▶ _DATA SEGMENT_:
-- Opening Marker --
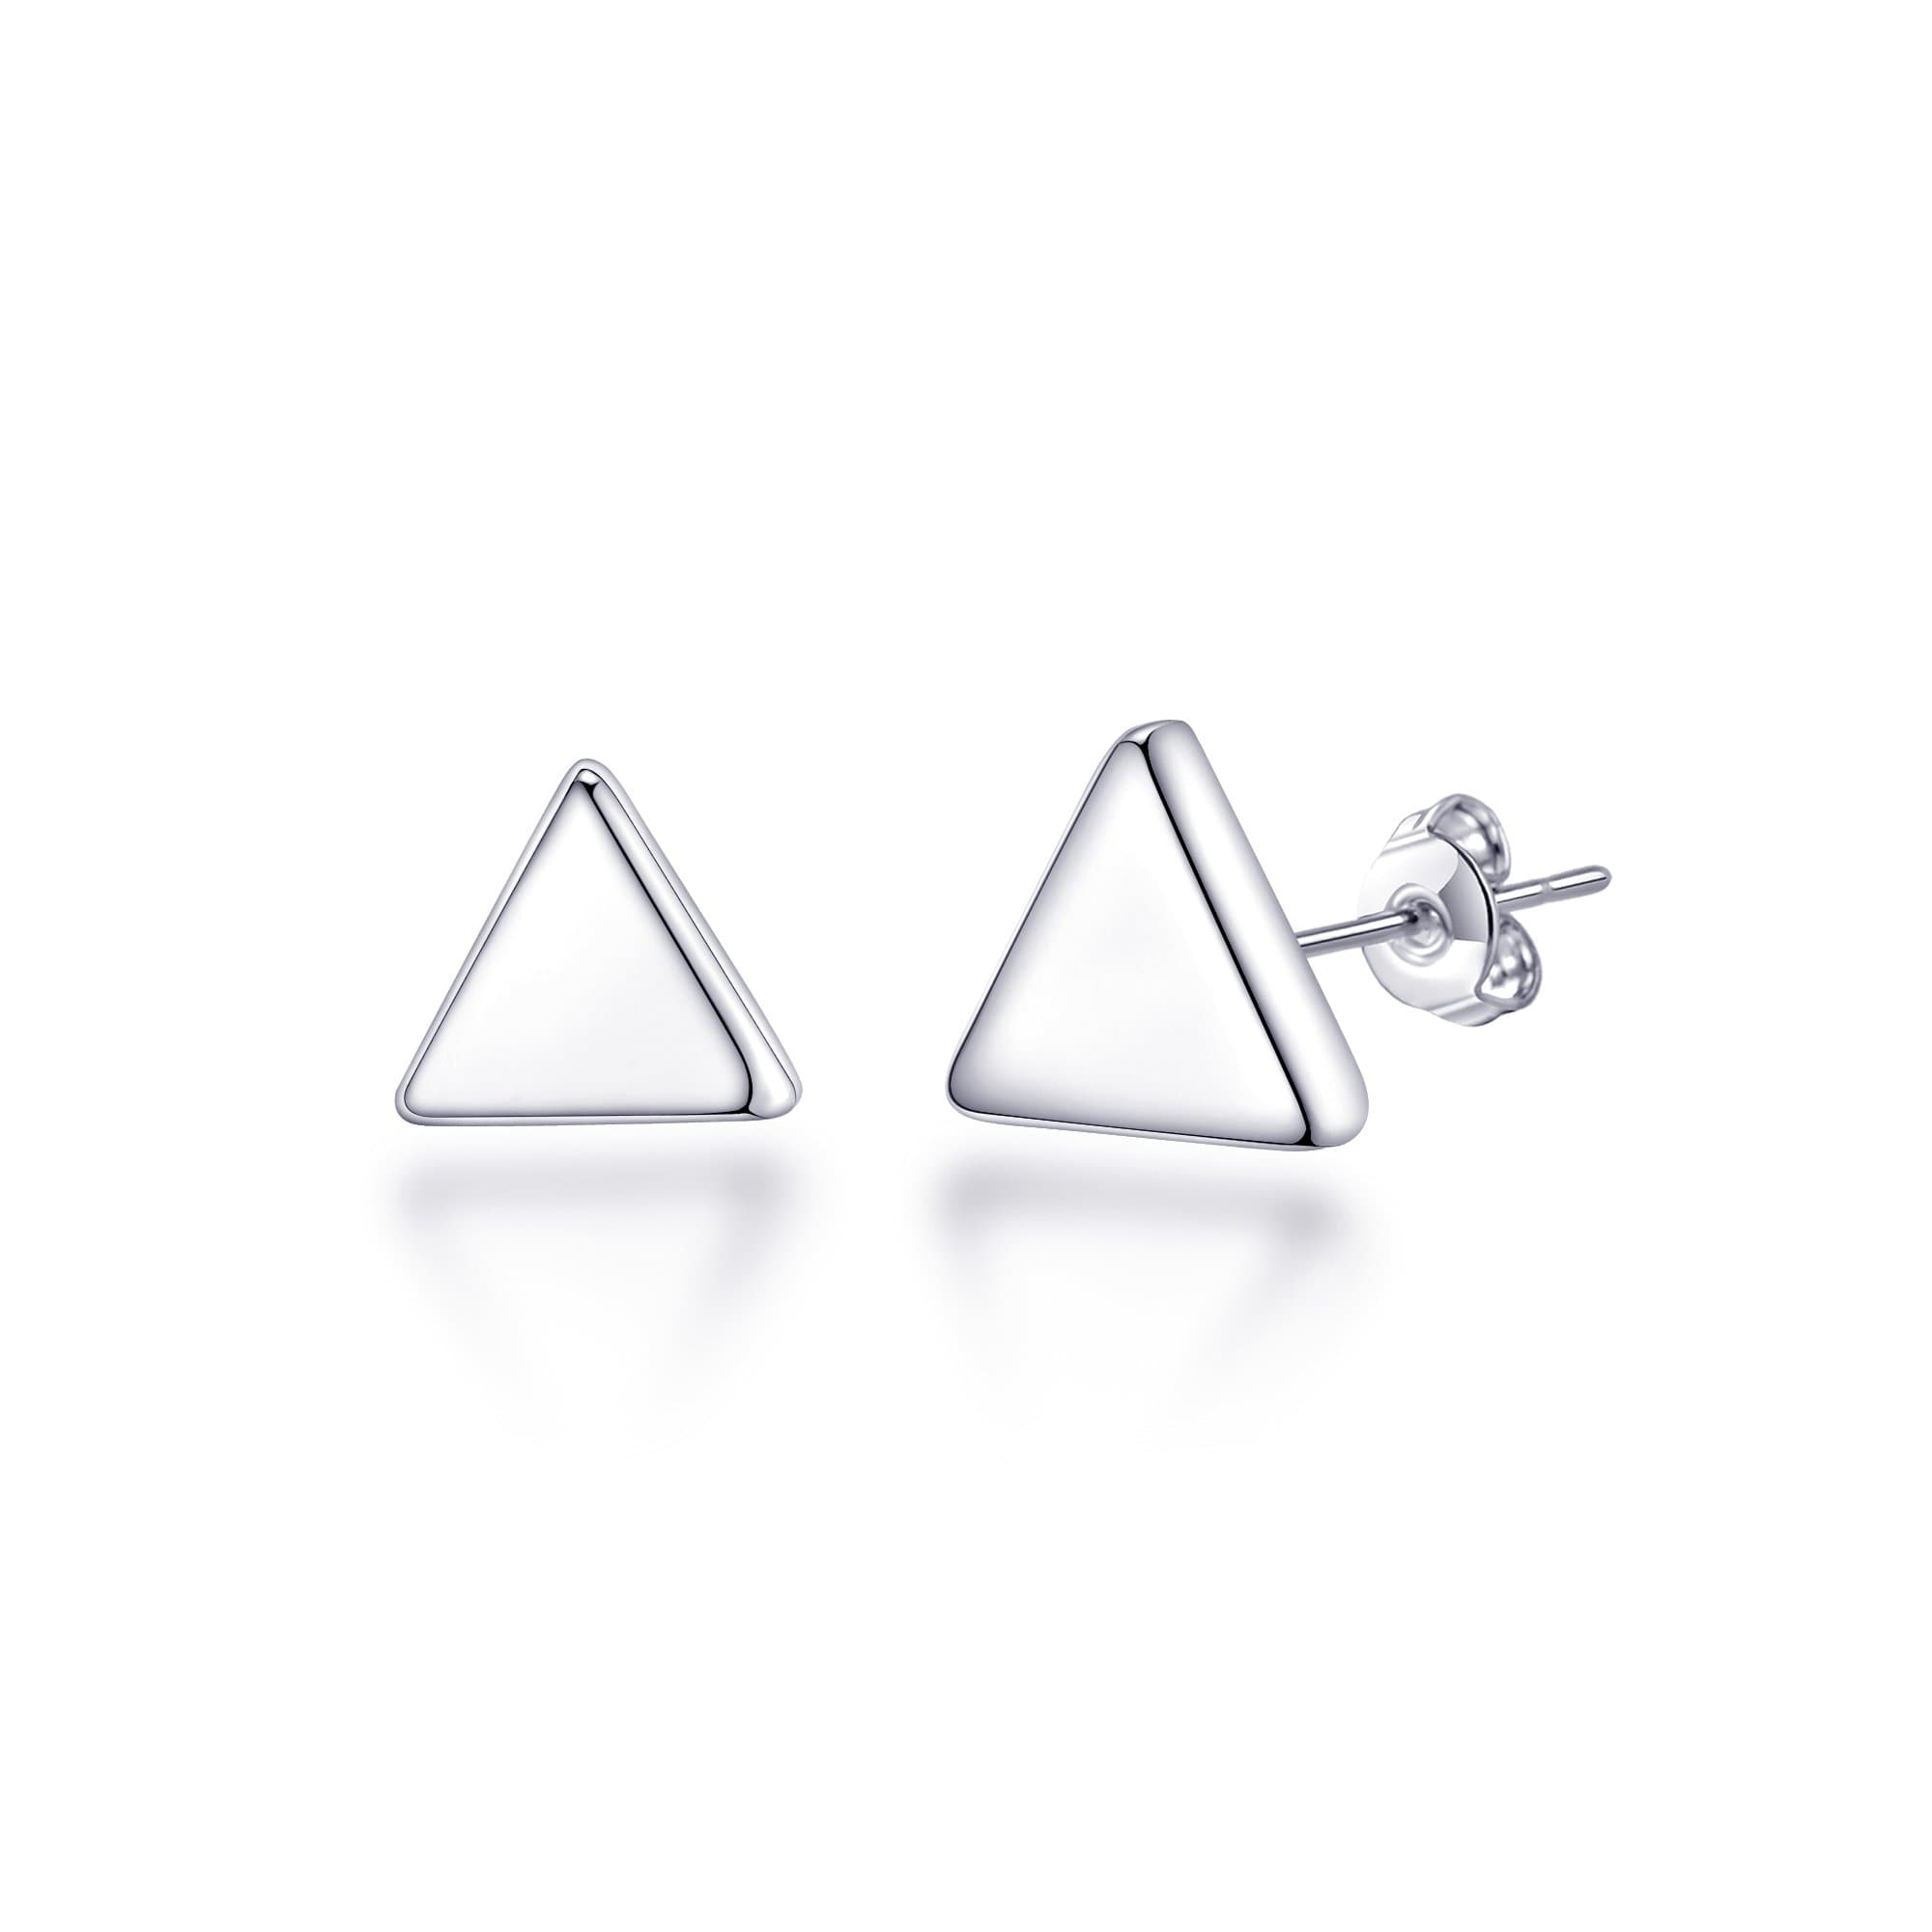 Sterling Silver Triangle Earrings by Philip Jones Jewellery
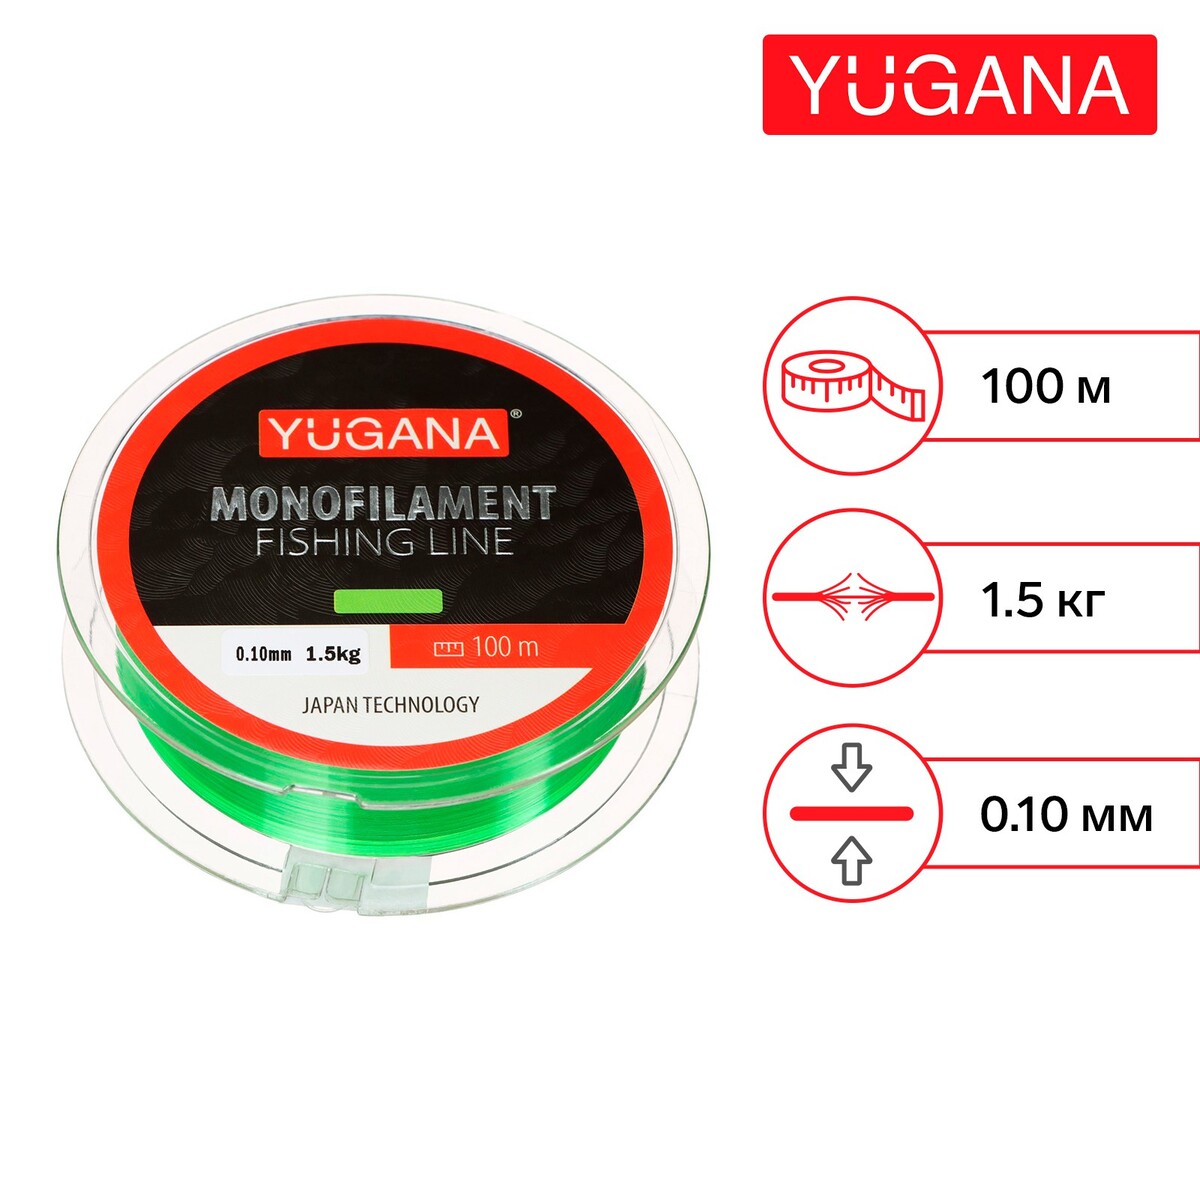 Леска монофильная yugana, диаметр 0.1 мм, тест 1.5 кг, 100 м, зеленая
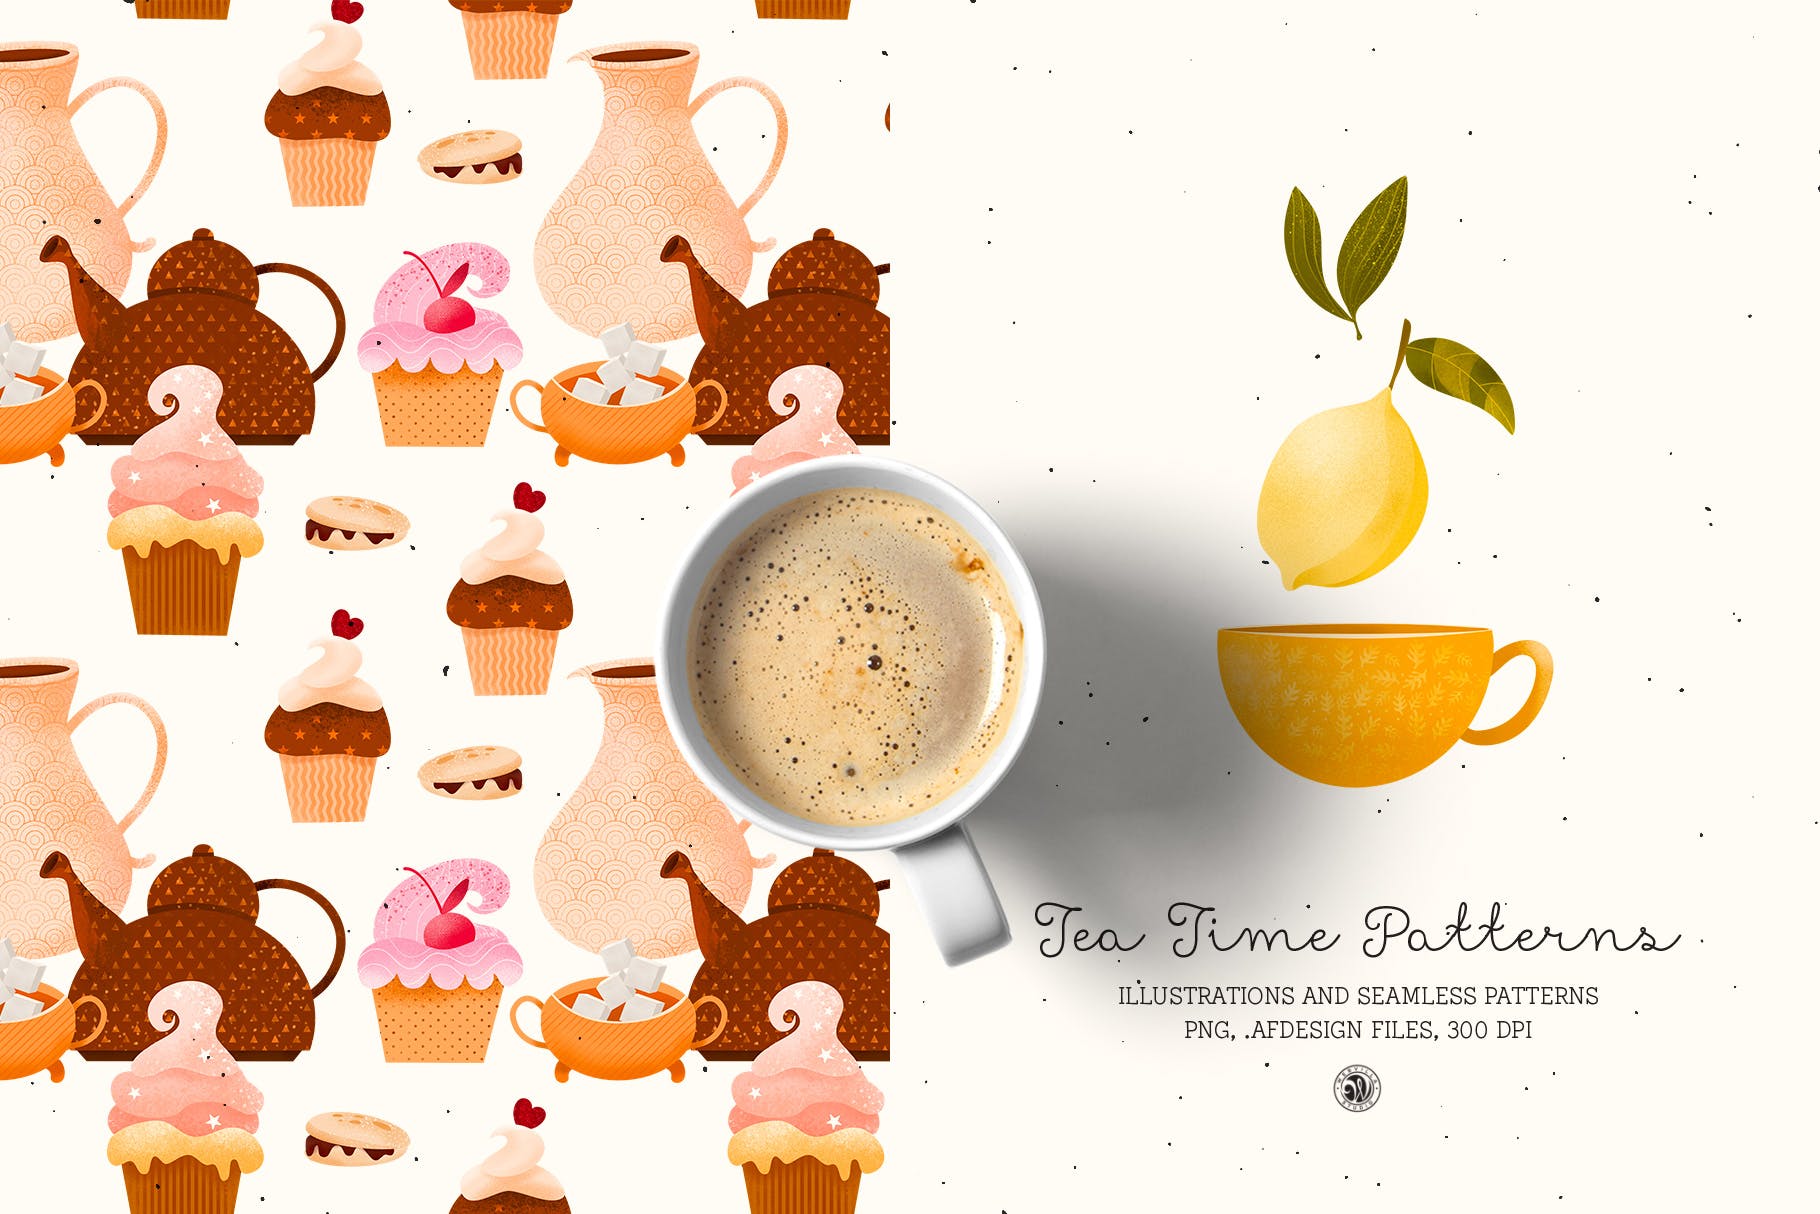 下午茶时光主题点心甜点手绘图案无缝背景素材 Tea Time Patterns插图(1)
-- Closing Marker --
▶ _TRY IT_: Repeat the data in full, exactly as it stands, but drop every picture.

▶ _ANSWER TO THIS TASK_:
 Sterling Silver Triangle Earrings by Philip Jones Jewellery
 Леска монофильная yugana, диаметр 0.1 мм, тест 1.5 кг, 100 м, зеленая
 下午茶时光主题点心甜点手绘图案无缝背景素材 Tea Time Patterns插图(1)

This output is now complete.